Jesus with an Asian face


2 Feb 2015

As in Manila, Rome or Kolkata, crossing the road in Kunming, China requires a little courage. Pedestrian crossings are aspirational more than anything else; cars and buses assert themselves regardless of any theoretical road rules. A particular local hazard is electric the motorcycle (e-bike). They zip everywhere and are virtually silent, so you have to look for them to avoid a collision.

My husband, baby son and I moved to Kunming for five months last year; navigating the traffic was one of our many cross-cultural adventures. When the traffic looked particularly aggressive, with no sign of abating, Evan joked that we needed to “cross like a Chinese person” – bravely weaving between vehicles, taking lanes one by one. Sometimes we would shadow a local – and feel particularly humbled if that local happened to be, say, nine years old.

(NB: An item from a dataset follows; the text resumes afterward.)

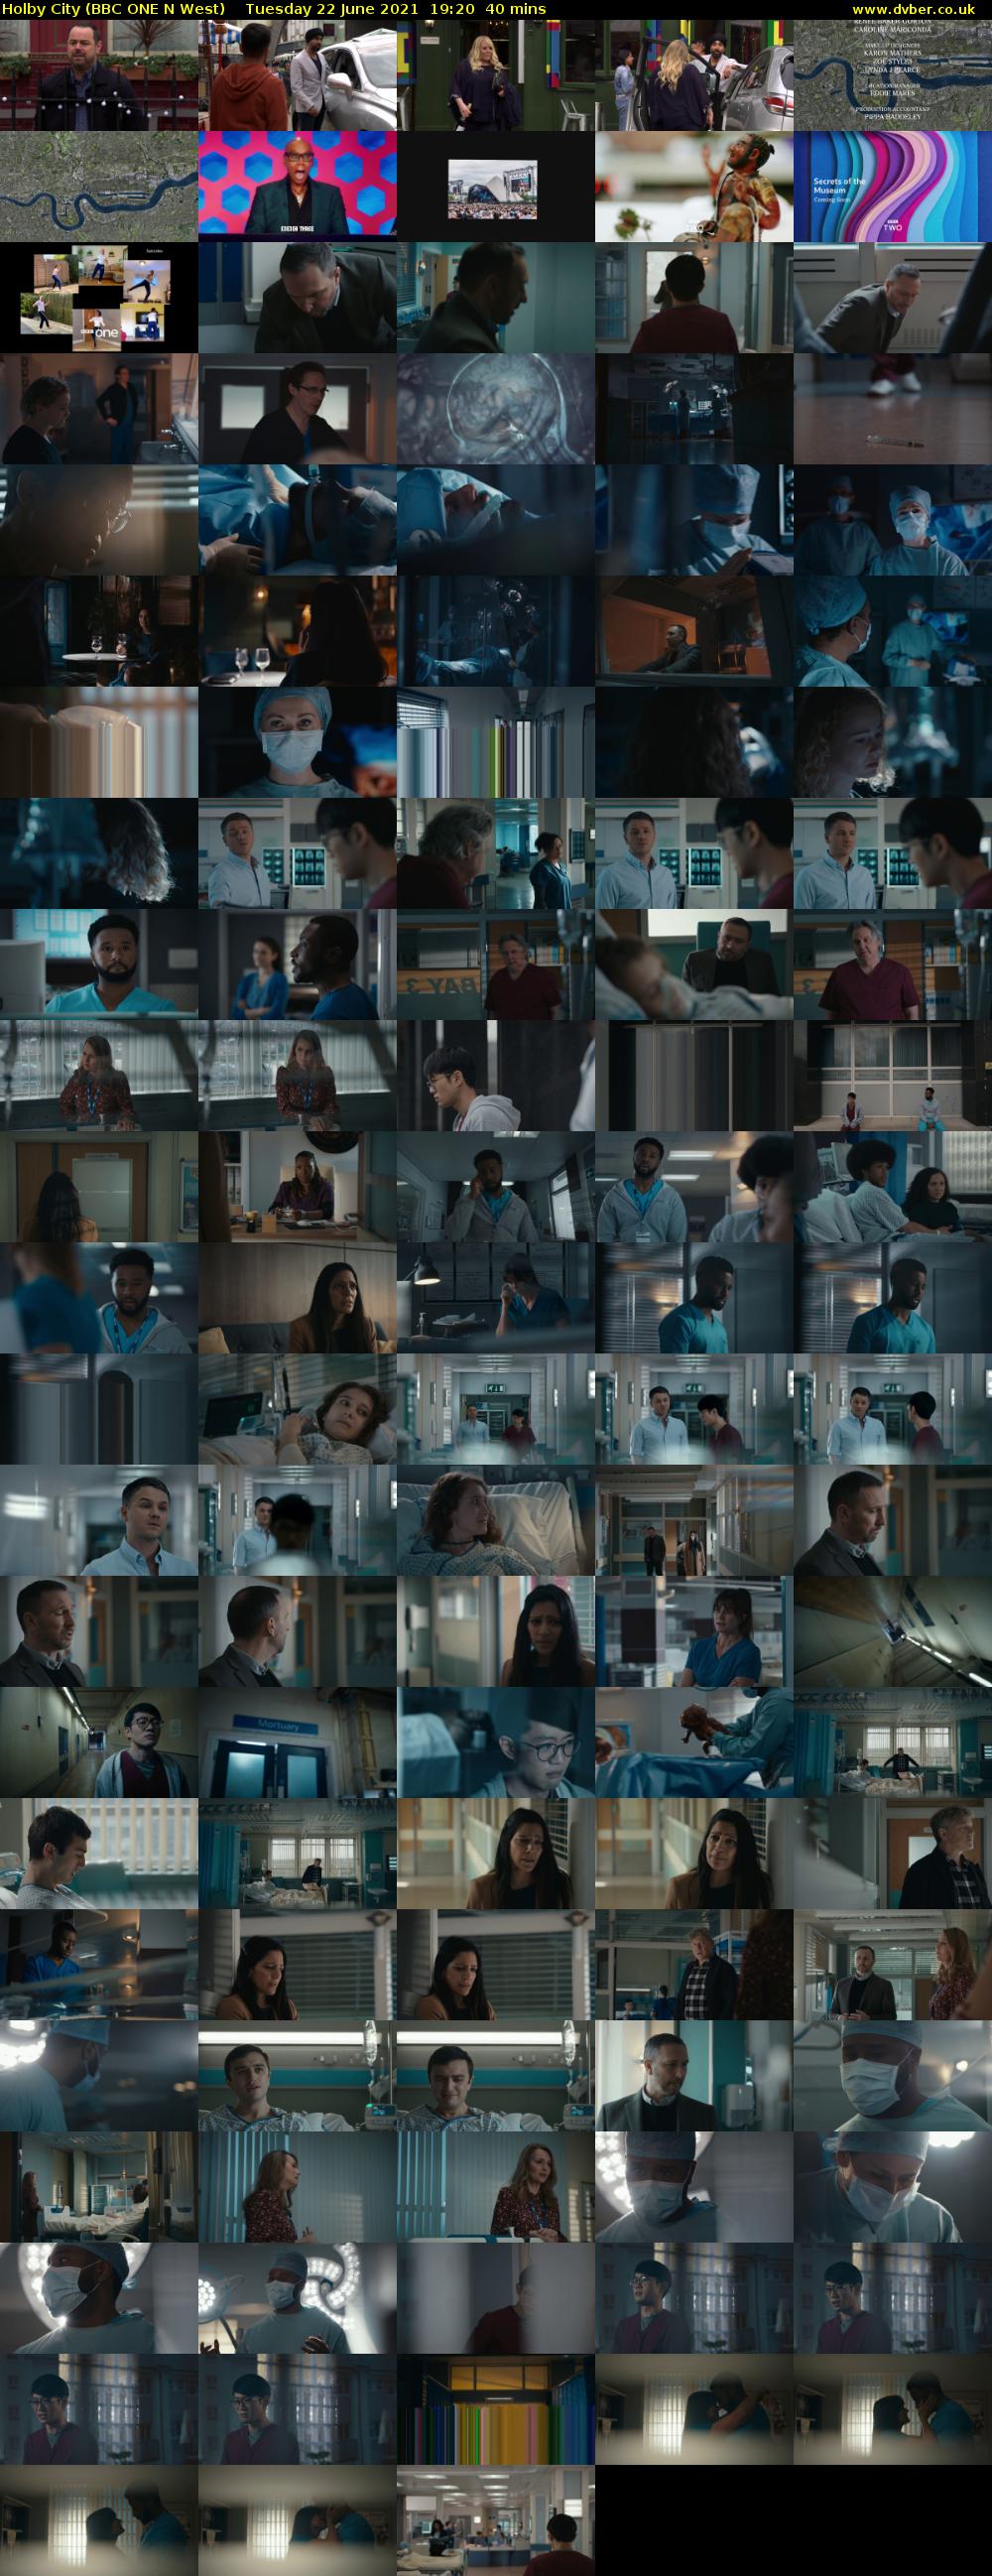 Holby City (BBC ONE N West) Tuesday 22 June 2021 19:20 - 20:00

One afternoon, early in our stay, there was no local pedestrian to follow. We waited, letting fleeting gaps in peak-hour traffic pass, unsure of when to proceed.
A nearby police officer had compassion on us. He wasn’t a traffic cop – he didn’t wear the white gloves or high-vis vest – but when he sighted three wàiguórén (外国人 – foreigners) hesitating on the curb, the littlest one strapped to Evan’s chest, he waded out onto the churning road and held up his hand to make a path for us. He waved us through. We joked that he was simply impatient – “how long could they possibly stand there?” he was thinking. But we were grateful for the tenderness he showed.
Our time in China was part of my husband’s study. He was there to learn Mandarin. I quickly discovered that I was there to learn about faith – what it means to find it and live it in a foreign land, without language, work or a Catholic Church.

“I am the good shepherd. The good shepherd lays down his life for the sheep. The hired hand is not the shepherd and does not own the sheep. So when he sees the wolf coming, he abandons the sheep and runs away…I am the good shepherd; I know my sheep and my sheep know me – just as the Father knows me and I know the Father – and I lay down my life for my sheep…”
(John 10:11 – 12; 14 – 15)
Sometimes when I pray, I use the Examen of St Ignatius. My imagination unravels the day, noticing the frustrations and joys, reading a passage of scripture and then having a conversation with God. As part of these conversations, I see Jesus beside me, and talk with him as a friend.
The first time that I prayed this way in China, the Jesus I imagined, to my surprise, had a Chinese face.

I could write a lot about the history of depictions of Jesus: how he rarely looks like the Palestinian man he was; how European Christs go hand in hand with imperialism in many parts of the world. There is a lot to say, theological and political, about this.
But my prayer in Kunming wasn’t particularly intellectual or polemical. It happened, I suppose, in my gut. I turned to Jesus and he looked like the people there. He belonged there.

He is not a wàiguórén God. He is God.

Perhaps it was the police officer that showed me this. The image of that man beckoning to us through a sea of vehicles gave a brief local face to the Gospel’s good shepherd. Reading that passage I was struck by the faithfulness of a God who does not abandon us. A communicative God, whose voice is known.

Far from home, and with maybe two dozen words of Mandarin, those things mattered.

Chantelle Ogilvie-Ellis is a Sydney writer. She works in justice and peace promotion.